Joe Greene is an American gospel and soul singer and songwriter. A male soprano, he was especially active in the late 1960s and the 1970s as a backing vocalist for rock artists seeking to achieve a more polished vocal performance on their recordings. As a songwriter during that time, he frequently collaborated with Billy Preston, co-writing the latter's Grammy-winning 1972 hit "Outa-Space" and other songs.

Among the many artists whose recordings Greene appeared on are Quincy Jones, the Rolling Stones, Neil Diamond, Ringo Starr and Harry Nilsson. According to AllMusic, together with singers such as Vanetta Field and Clydie King, Greene was "on the 'A' list" of studio backing vocalists in the U.S. He was also one of the singers in "The Soul Choir" that accompanied George Harrison, Starr, Preston and Leon Russell at the Concert for Bangladesh in August 1971.
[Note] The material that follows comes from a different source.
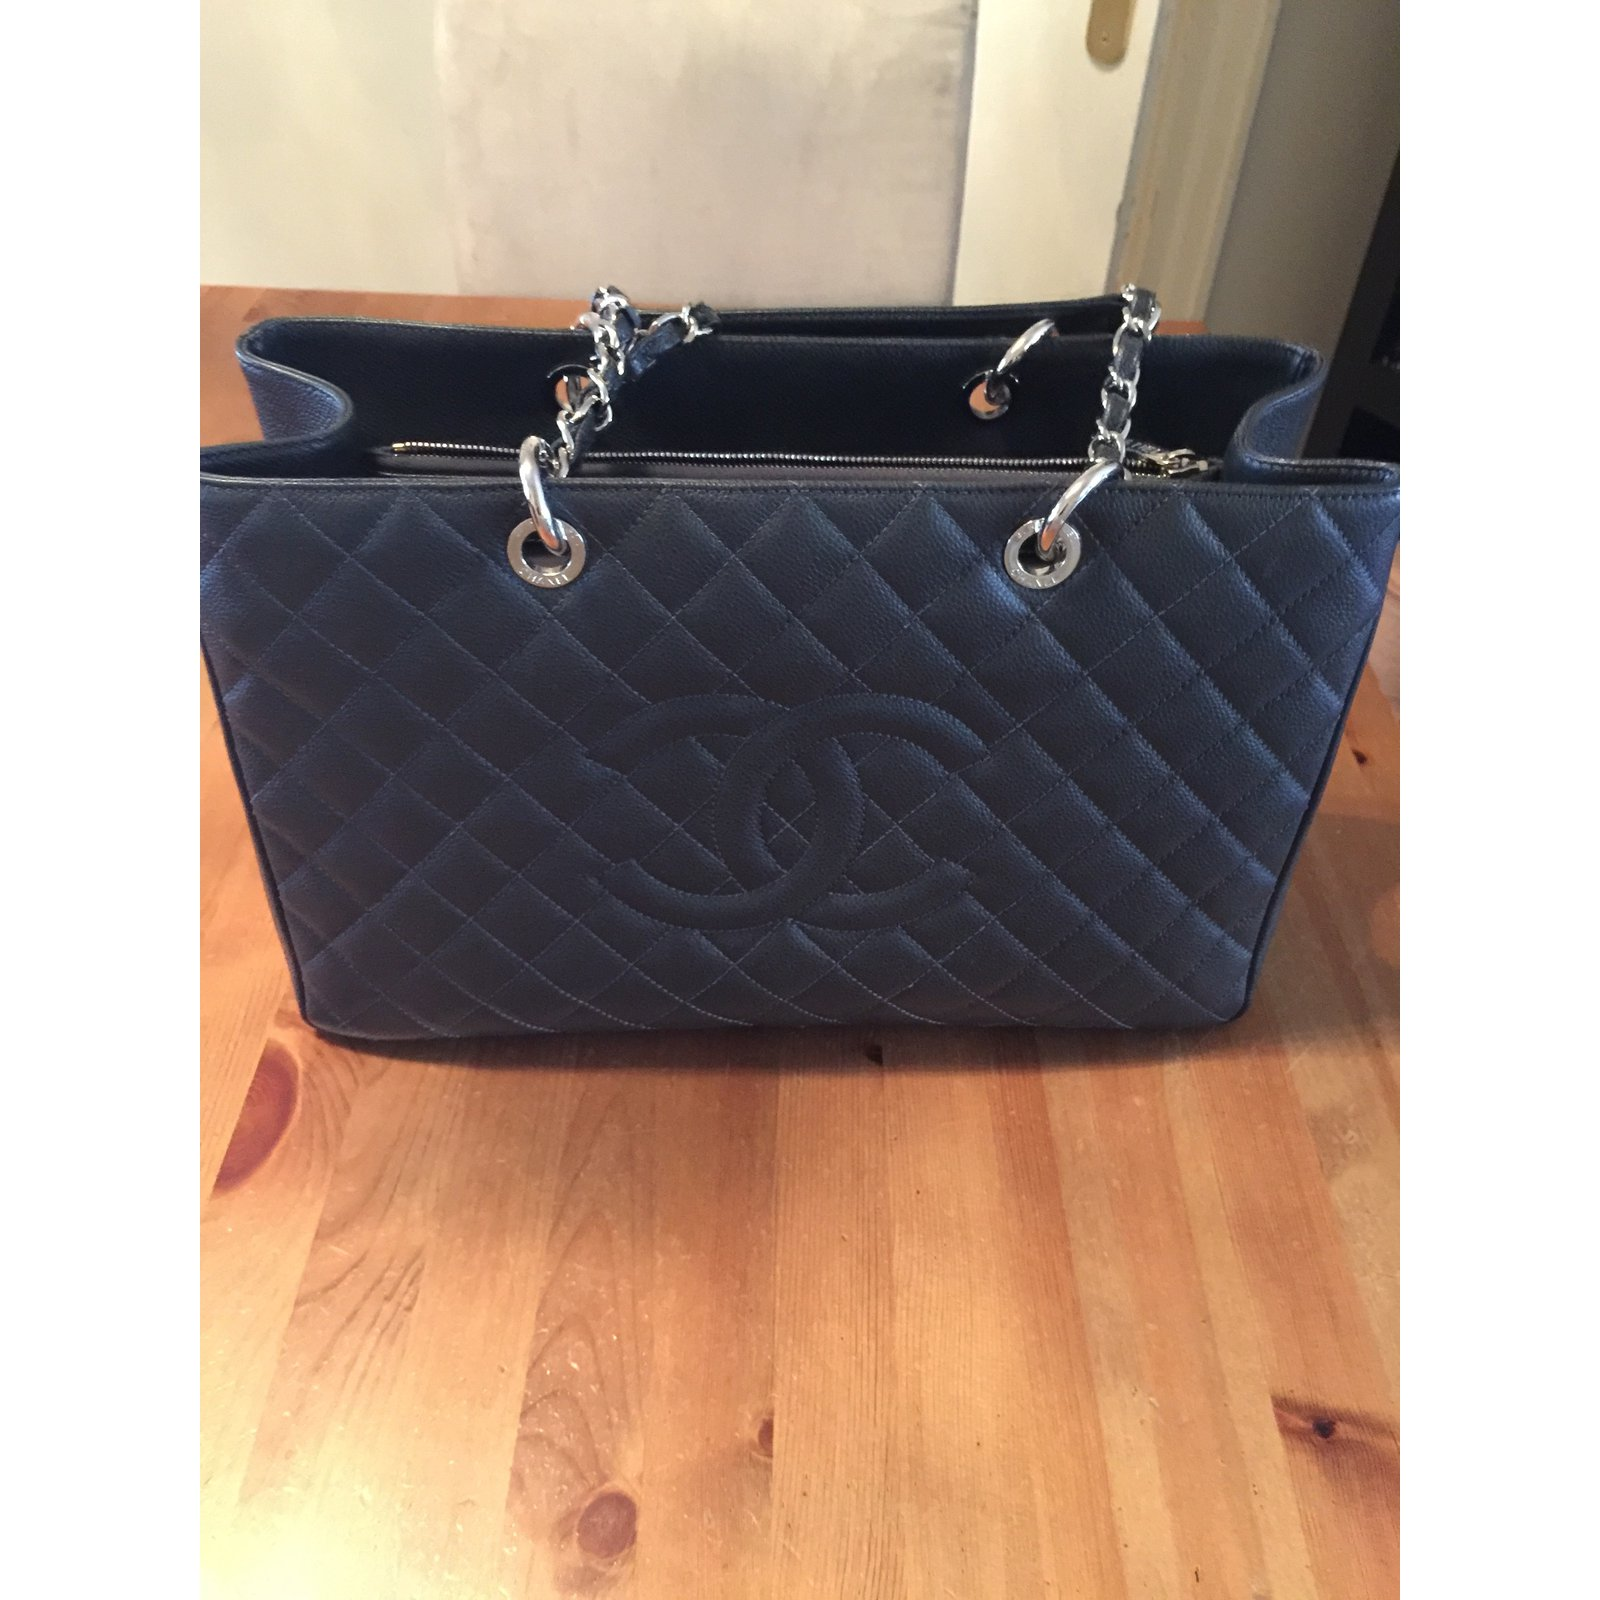 84ea82b5532b Chanel GST Totes Leather Dark grey ref.39011 - Joli Closet

Greene co-wrote the song "Let the Music Play" on Preston's 1970 album for Apple Records, Encouraging Words. In June 1971, he signed a songwriting deal with Preston's publishing company, WEP Music, whereby he would receive 35 per cent of the company's net profits. Two years later, Greene sued Preston and WEP for $500,000, claiming he had been paid nothing for hits such as "Outa-Space". He continued to work with Preston, including co-writing the title track to the artist's 1979 album Late at Night and singing on the album.

In the ensuing decades, Greene withdrew from rock music and focused on gospel and choral projects.